» Work task:
When you reproduce the data, keep every word exactly as it stands and leave the pictures out.

*** Opening Exercise data ***

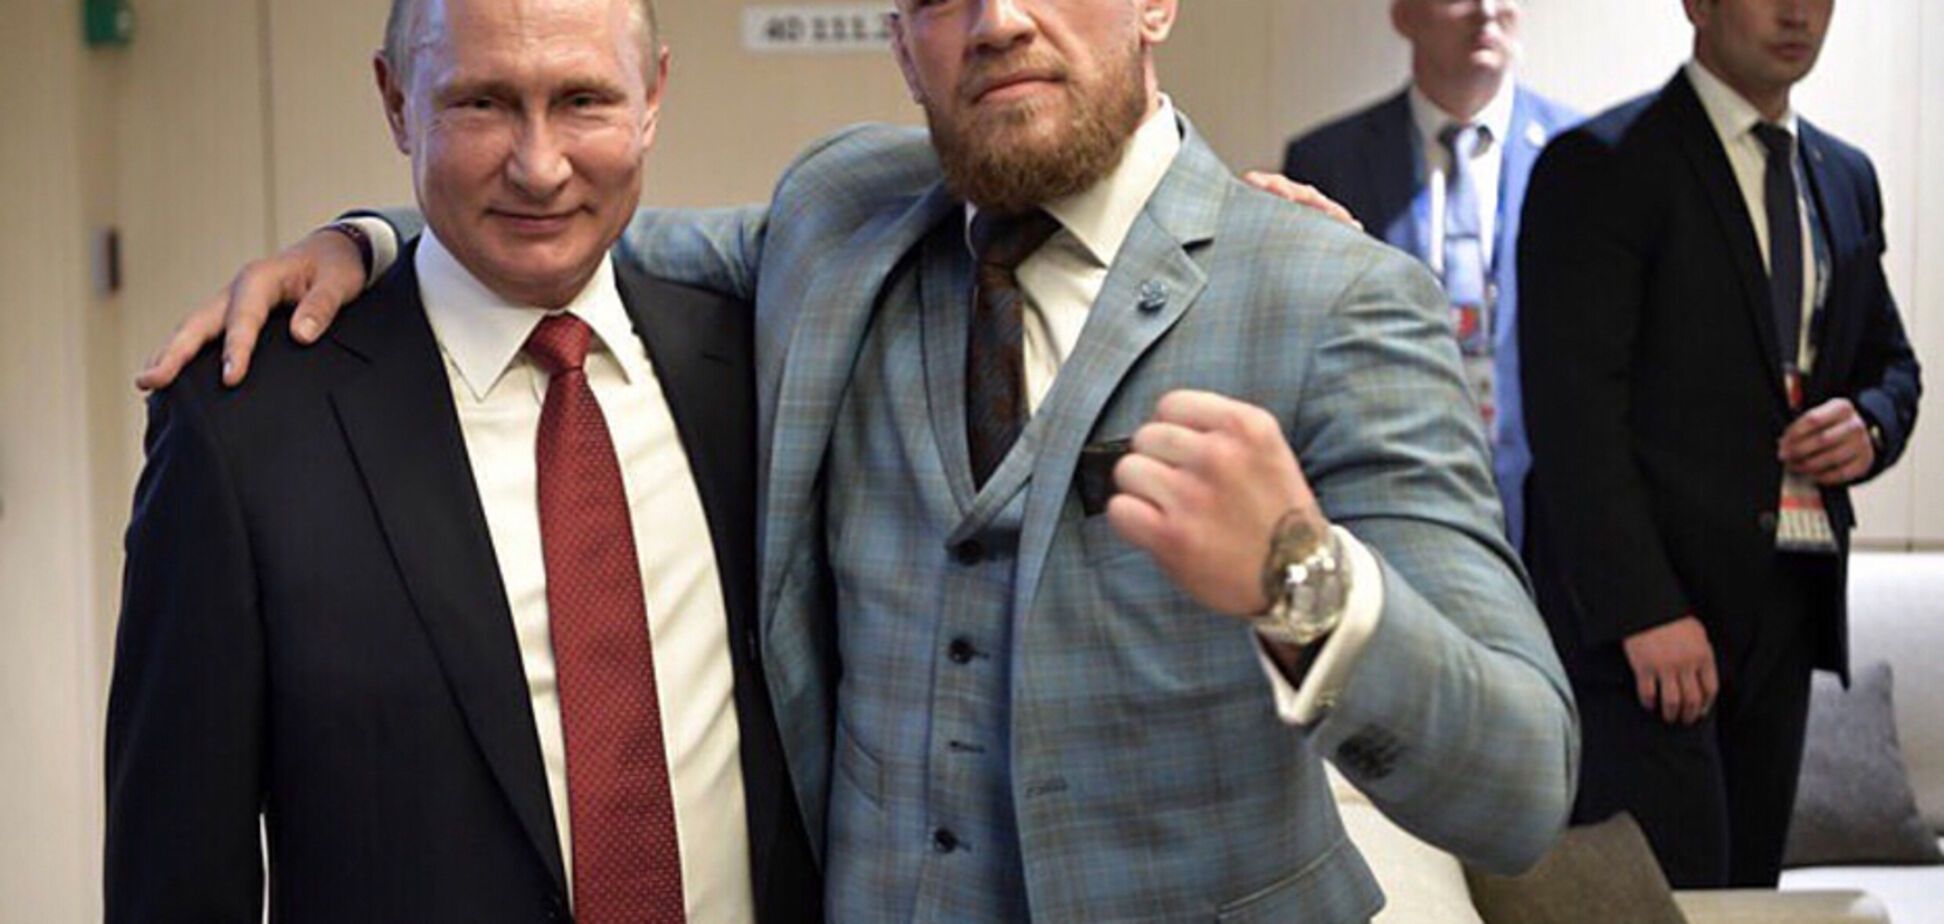 С прогибом: известный боец заискивал перед Путиным
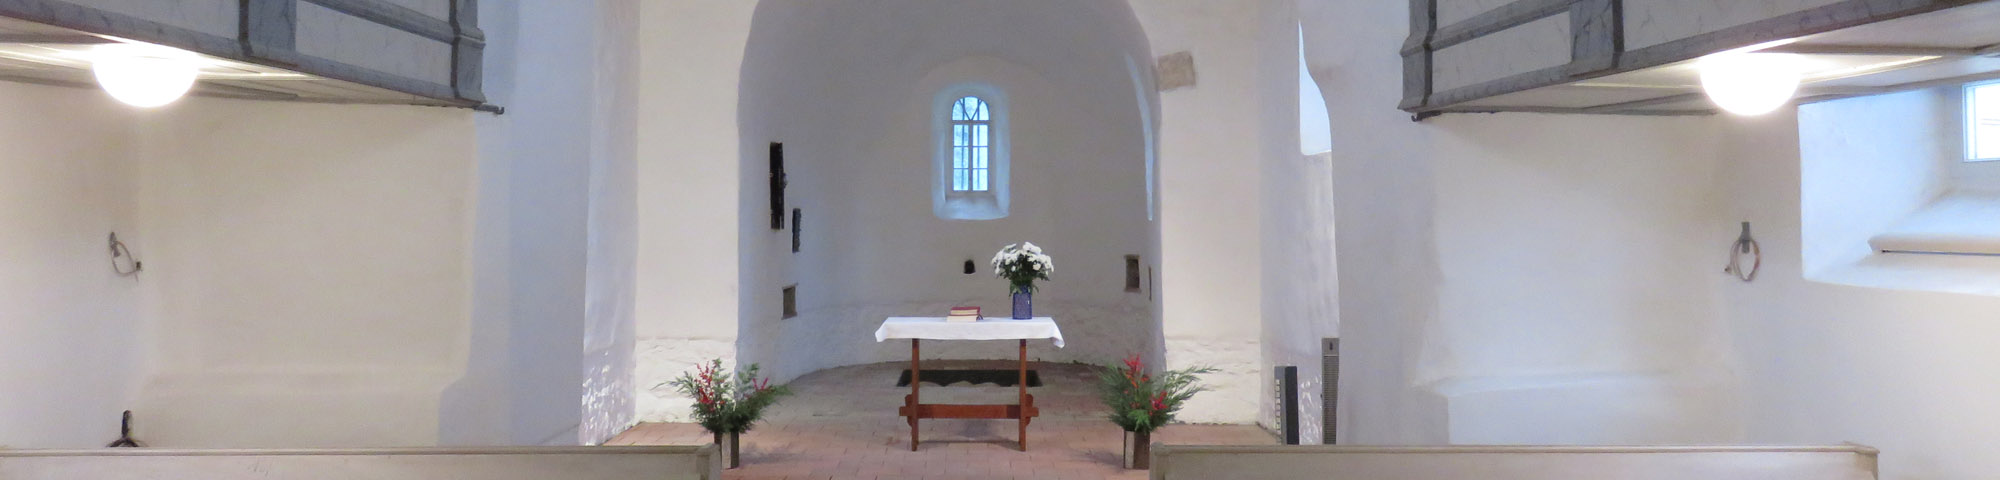 Altar der Kirche Hirschfeld
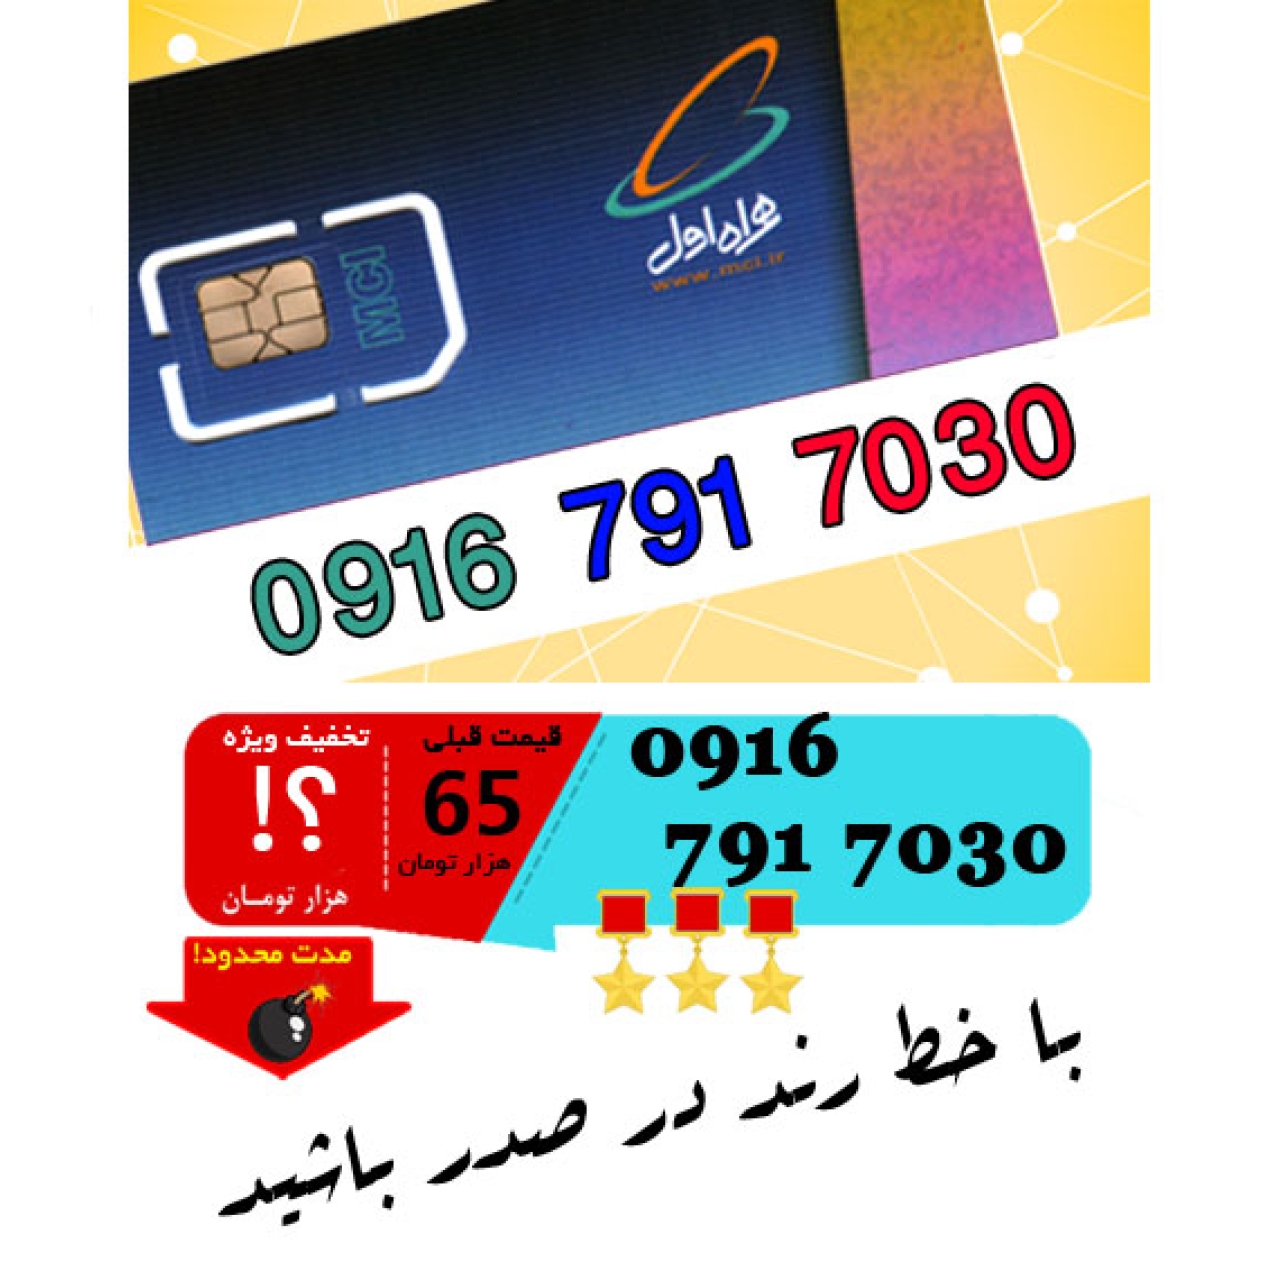 سیم کارت اعتباری رند همراه اول 09167917030
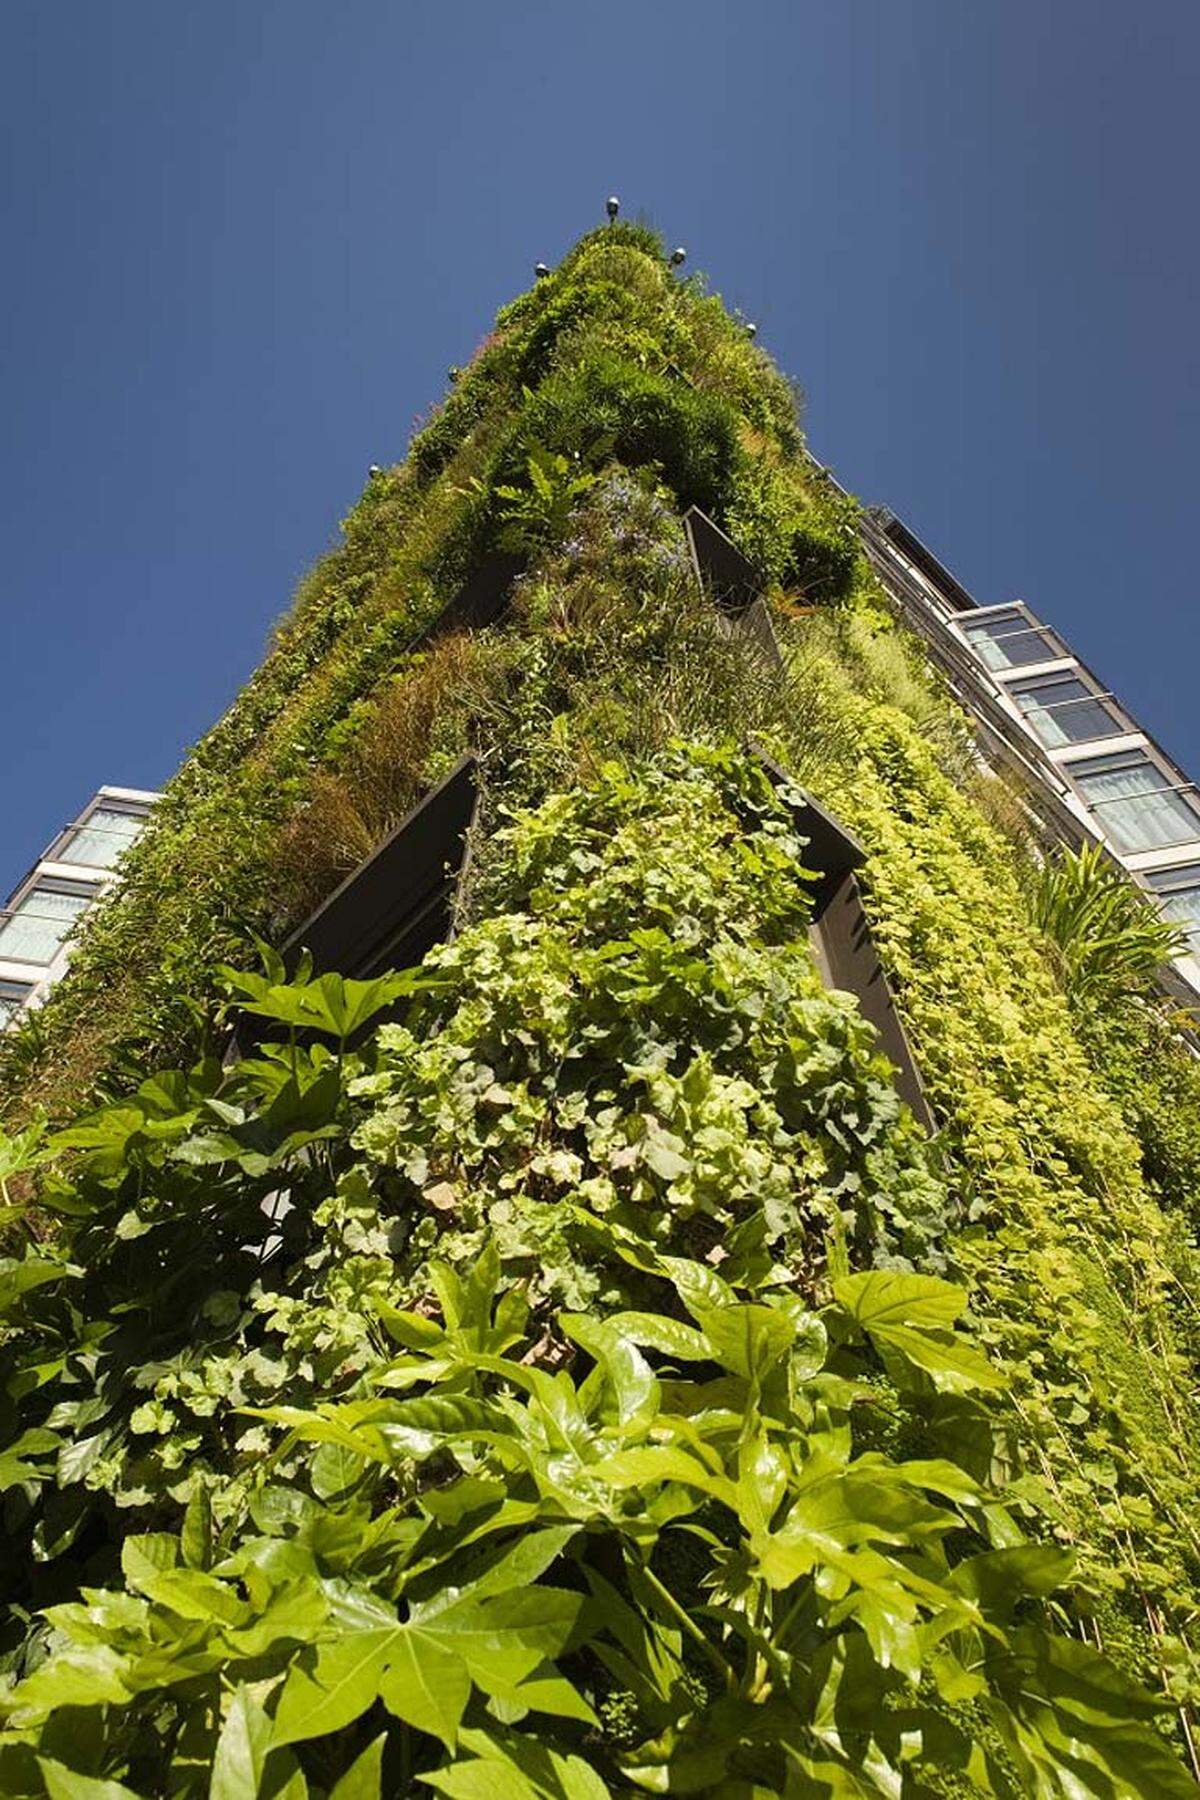 "Die Chelsea Fringe steht für eine neue Generation von Gärten," sagt ihr Begründer Tim Richardson, Gärtner und Kolumnist, gegenüber der "Zeit".

*** Closing Exercise data ***

» Written response:
 С прогибом: известный боец заискивал перед Путиным
 Altar der Kirche Hirschfeld
 سیم کارت اعتباری رند همراه اول 09167917030
 "Die Chelsea Fringe steht für eine neue Generation von Gärten," sagt ihr Begründer Tim Richardson, Gärtner und Kolumnist, gegenüber der "Zeit".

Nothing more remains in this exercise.